By Bob Allen
Members of Rick Warren’s Saddleback Church have pledged to give $71 million over the next three years in the most ambitious fundraising campaign in the Southern Baptist megachurch’s 35-year history.
Warren, who started the Southern California congregation after graduating from Southwestern Baptist Theological Seminary while in his 20s, closed an 11-week series sermon on “Daring Faith” Saturday, May 30, with a prop of “light cubes” representing $1 million each stacked on top of one another to illustrate the size the commitment.
Warren kicked off the “Daring Faith” campaign in March at Saddleback’s 35th anniversary celebration held at Angel Stadium in Anaheim, a venue large enough to combine 10 Southern California campuses averaging 27,000 weekly worshipers and 7,500 small groups meeting in homes.
Campaign goals include increasing weekly weekend attendance to 40,000 by 2020 — the church’s 40th anniversary — aiding 250,000 needy people, implementing new communications technology, leadership training for a quarter of church members and introducing the gospel to the last 3,000 unreached people groups though the congregation’s global PEACE Plan.
It is the eighth major “generosity campaign” since Saddleback’s first public service was held on Palm Sunday, March 30, 1980, attended by 40 people at the Laguna Hills High School Theater. A week later, on Easter Sunday, 240 were in attendance.
Developing a church growth philosophy of knowing the community, finding a need and filling it, Warren used non-traditional strategies like direct mail to make Saddleback one of the nation’s fastest growing churches. The congregation met in 79 rented facilities and did not build its first permanent building until it had 10,000 weekly attenders.
Saddleback’s first fundraising campaign raised $1.2 million between 1983 and 1985 to start a savings fund to purchase property. For several years the congregation met for worship under a 2,300-seat plastic tent at the current Lake Forest campus purchased in the early 1990s. Saddleback members gave $12 million over three years to build the first 3,500-seat worship center in 1995. The sixth campaign — which included launch of the Global PEACE plan starting with Rwanda and expansion to multiple locations — raised $48 million. The “Decade of Destiny” campaign, 2011-2013, raised $35 million.
“We always set goals that we can’t do on our own,” Warren said in a video message introducing the “Daring Faith” campaign. “You haven’t really trusted God until you’ve attempted something that can’t be done in the power of the flesh.”

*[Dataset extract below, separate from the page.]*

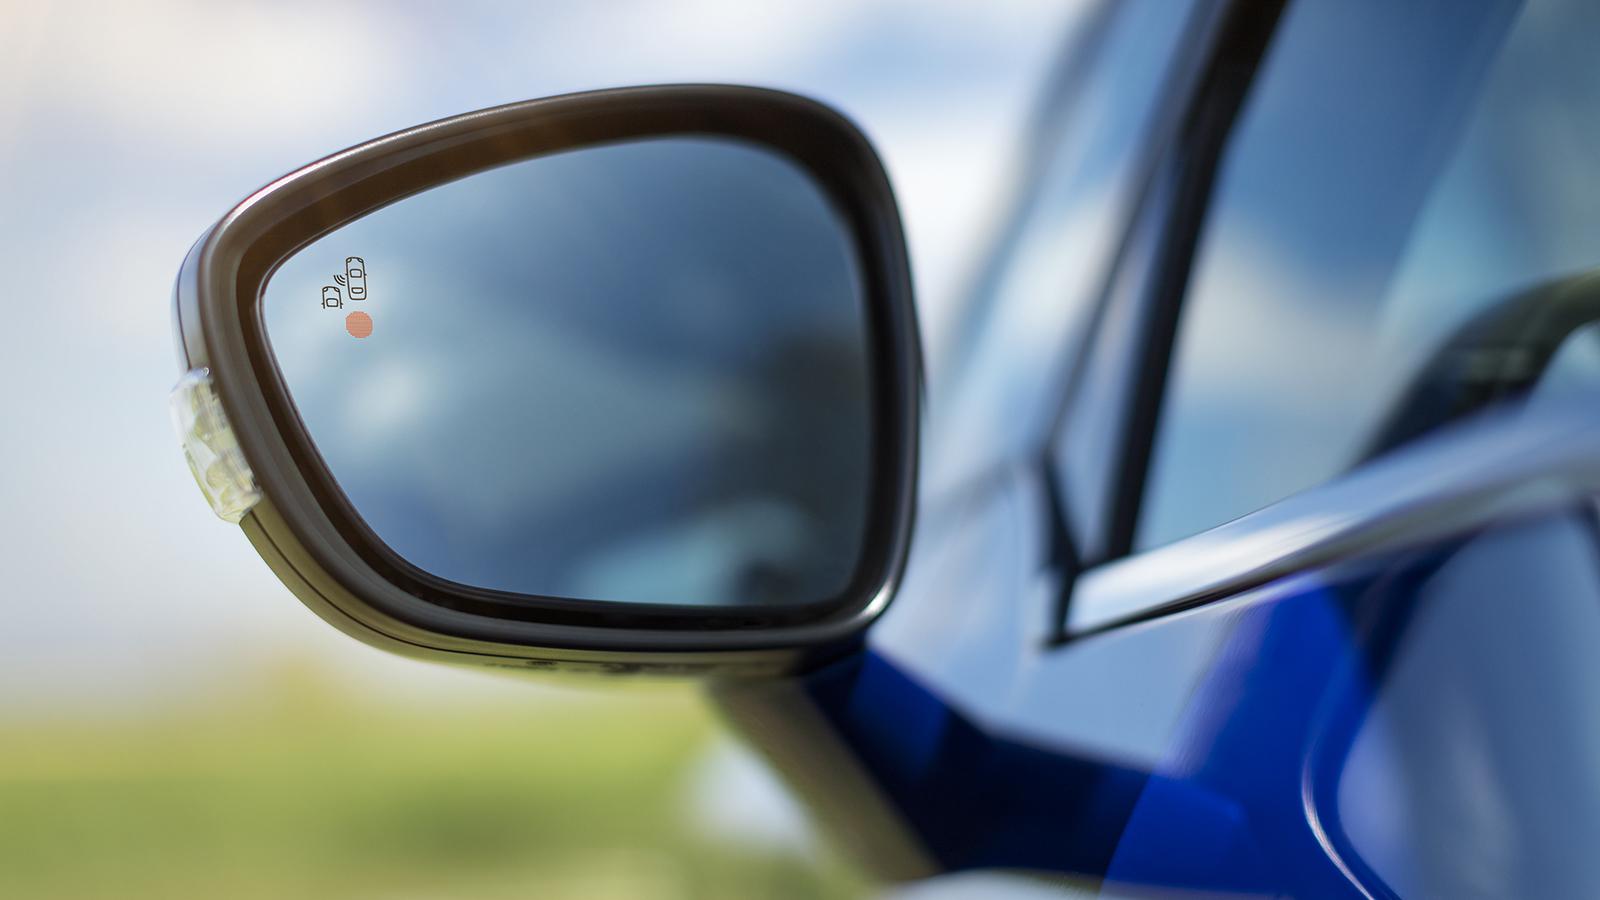 El sistema de vigilancia del ángulo muerto emite una alerta visual en los retrovisores exteriores para avisar de la presencia de un vehículo en esa zona que se escapa de la visión del conductor.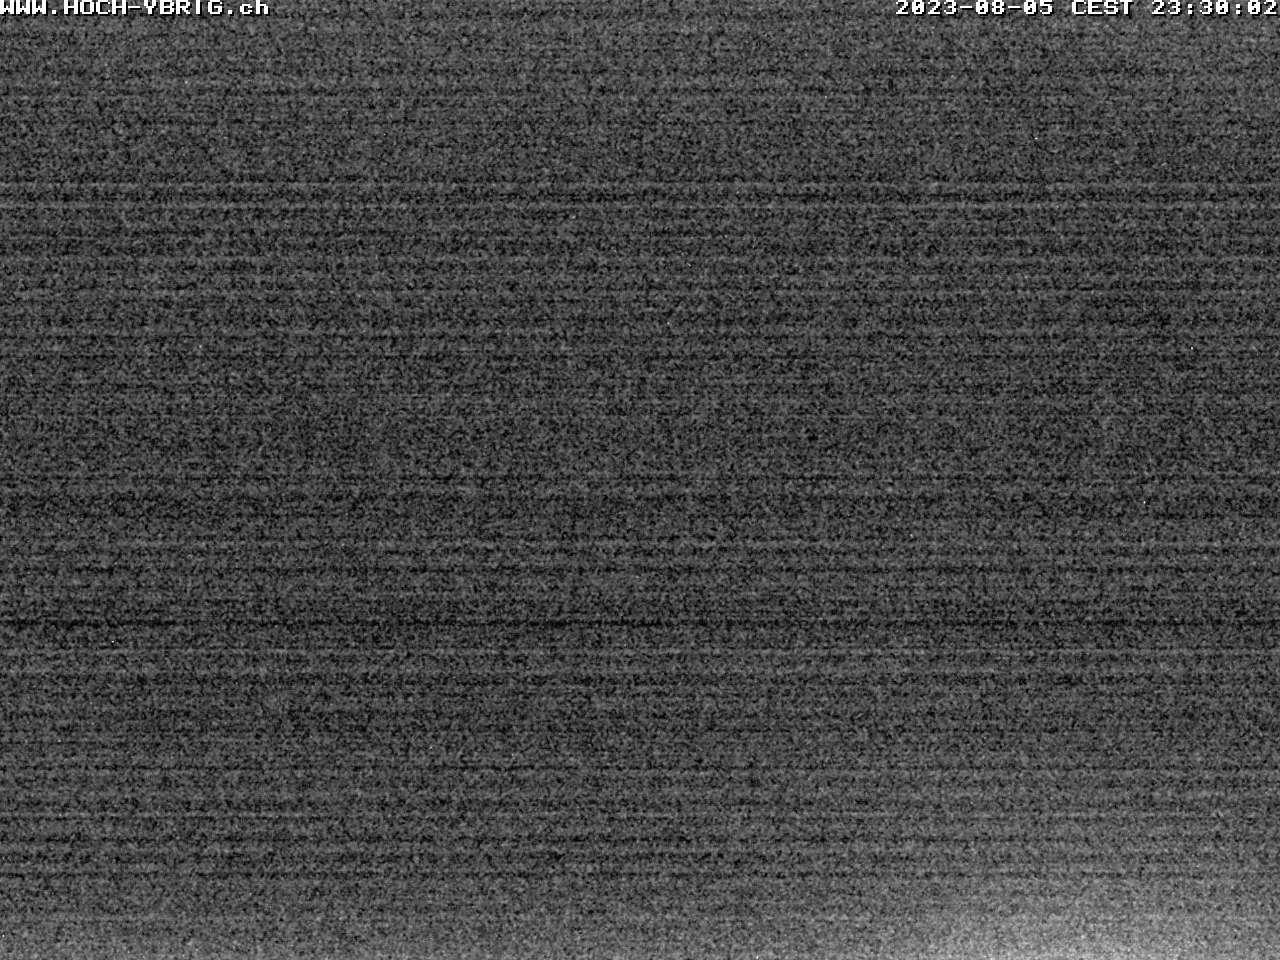 Webcam Hoch-Ybrig

“That’s what ‘Daring Faith’ is all about,” Warren said. “It’s about doing something you cannot do on your own. The goals we’ve set are so big, so audacious, there’s no way we can do this unless God bails us out.”
According to a brochure, more than 42,000 people have been baptized at Saddleback. Over 9,000 small groups meet weekly in homes and businesses around the globe, and there are 500 service ministries. The church family worships each weekend at 15 campuses on four continents.
Warren’s 2002 devotional book The Purpose Driven Life has sold over 32 million copies and is the second-most translated book in the world after the Bible. Thousands of church leaders around the world have been trained in the “purpose driven” church growth strategy.
“Are we going to rest on our past successes, which are many, and believe there are no more goals worthy of sacrificing our time and money for?” Warren asked in the video. “Or will we use our history of God’s miracles and God’s blessing and God’s showing up in our lives and in our church as the foundation to do even more?”
“I’m not ready to pull back into comfortable, boring, safety,” he said. “You know what, knowing you, I know that you aren’t either.”